Multiples don’t rise because sellers think the business is special. They rise when buyers think the risk is low. Sellers can move that, with planning.
A good business is not the same as a good deal. A good offer is not the highest offer. Both sides are picking the right deal for them specifically.
Whether an acquisition delivers life-changing freedom or lifetime regret has little to do with the deal itself, and everything to do with the beliefs, values, lived experience, and daily life the deal is engineered to challenge.
Where valuation actually starts
Most people think valuation starts with the multiple. It usually starts with what earnings survive diligence.

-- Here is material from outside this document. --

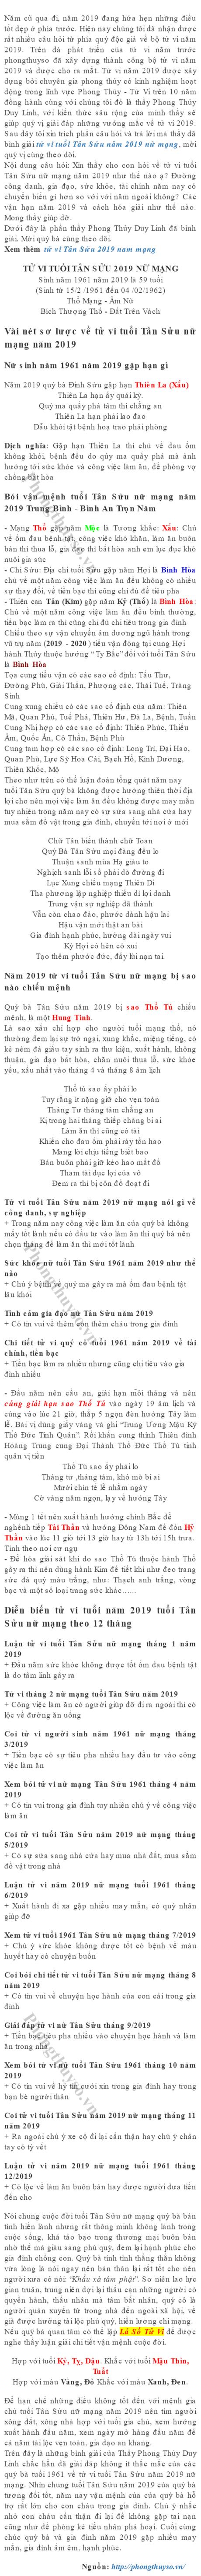 tu-vi-tuoi-tan-suu-nam-2019-nu-mang

Owners and buyers spend a lot of time on what number to multiply earnings by. Three times. Three and a half times. Five times. That conversation matters. But there’s a more important one happening underneath it. What earnings amount gets multiplied at all.
A 4x multiple on shaky earnings is worse than a 3x multiple on clean earnings. The smaller multiple wins because the earnings number underneath it is something a buyer can actually rely on.
Most owners assume the add-backs they list survive the process. On average, over 20% of EBITDA shows up as claimed add-backs across LOIs. I’ve seen cases where add-backs make up over 50% of “earnings”. Clean documentation and not abusing the tax code is what moves a buyer from repricing every add-back to accepting most of them.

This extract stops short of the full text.